Затем Диза взяла плоскую деревяшку и что-то на ней нацарапала — Вали не сумел рассмотреть, что именно, — тремя взмахами ножа. Она положила деревяшку на колени и поднесла нож к ладони. Глубоко вдохнула, собираясь с силами, а затем такими же тремя быстрыми движениями порезала ладонь. Заинтригованный Вали узнал руну ансуз. Он тоже умел чертить руны и знал, что они обладают магическими свойствами. Он как-то просил Дизу растолковать ему, какими именно, но она сказала, что конунги и воины творят магию, вырезая руны на телах своих врагов, а больше ему ничего знать не положено.
Кровь Дизы закапала с ладони на дощечку. Она размазала ее по вырезанному на дереве символу, а затем бросила в огонь.
— Кто я? Я женщина. Где я? У очага. Кто я? Я женщина. Где я? У очага. Кто я? Я женщина. Где я? У очага. Кто я? Я женщина. Где я? У очага. Кто я? Я женщина. Где я?
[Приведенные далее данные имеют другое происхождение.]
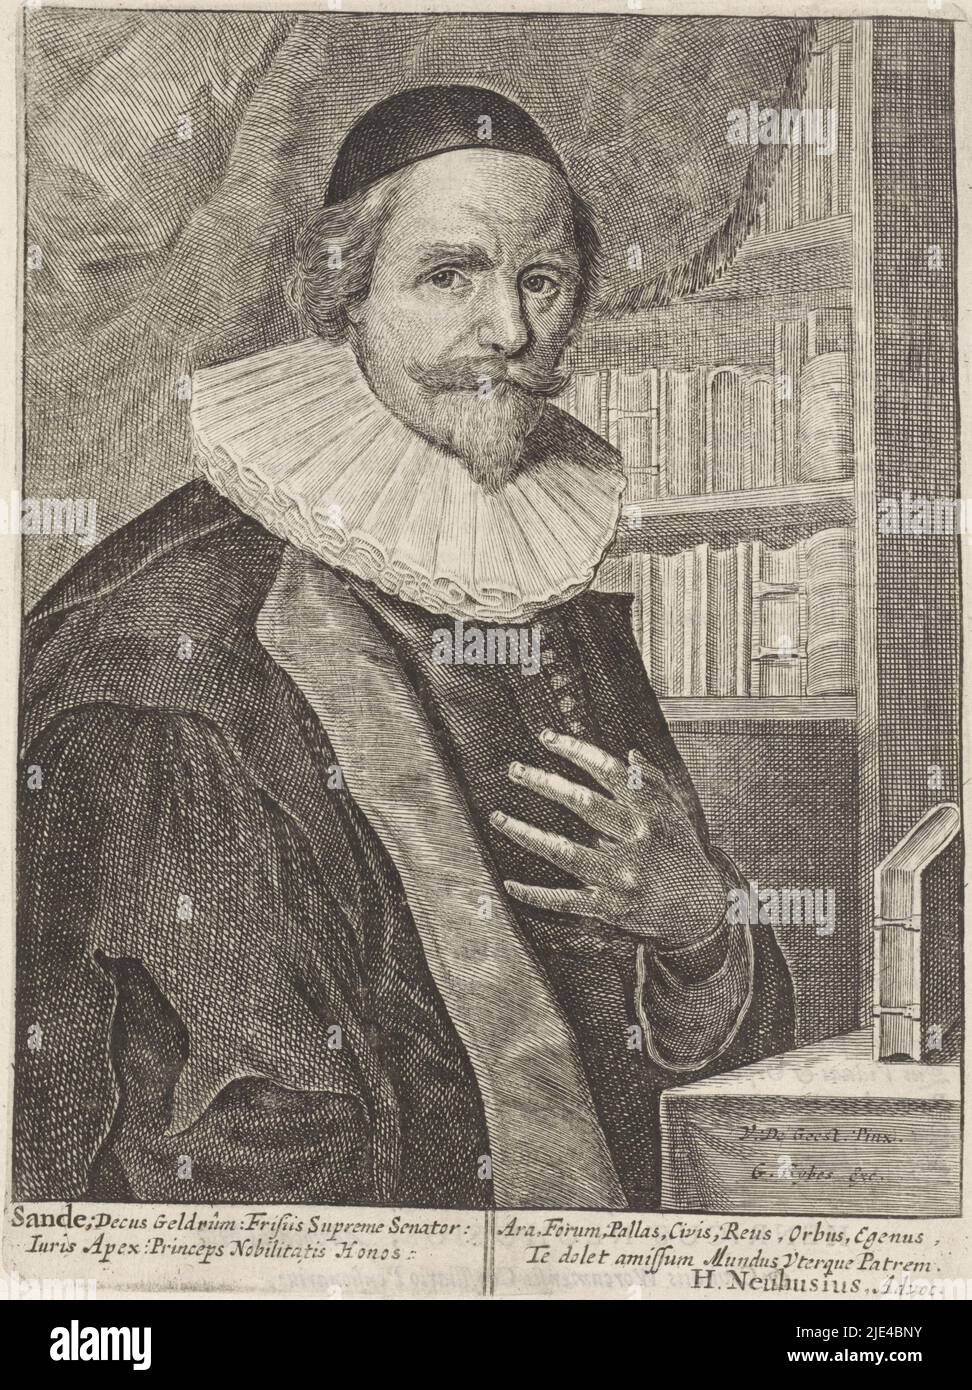 Portrait de l'avocat Johan van den Sande, Salomon Savery (peut-être),  d'après Wybrand de Geest (I), 1638 - 1660, imprimeur: Salomon Savery,  (peut-être), d'après: Wybrand de Geest (I), (mentionné sur l'objet),  Henricus Neuhusius, (

У очага.
Джодис подошла к Дизе и взяла ее за руку, но та как будто ничего не замечала. Она продолжала говорить нараспев, глаза сделались пустыми и смотрели куда-то в бесконечность. Слушая ее голос, Вали совершенно потерял счет времени. Он видел, как в огонь подкинули дров и той странной травы Джодис, а затем пришла старая Сефа и принесла еще дров и травы.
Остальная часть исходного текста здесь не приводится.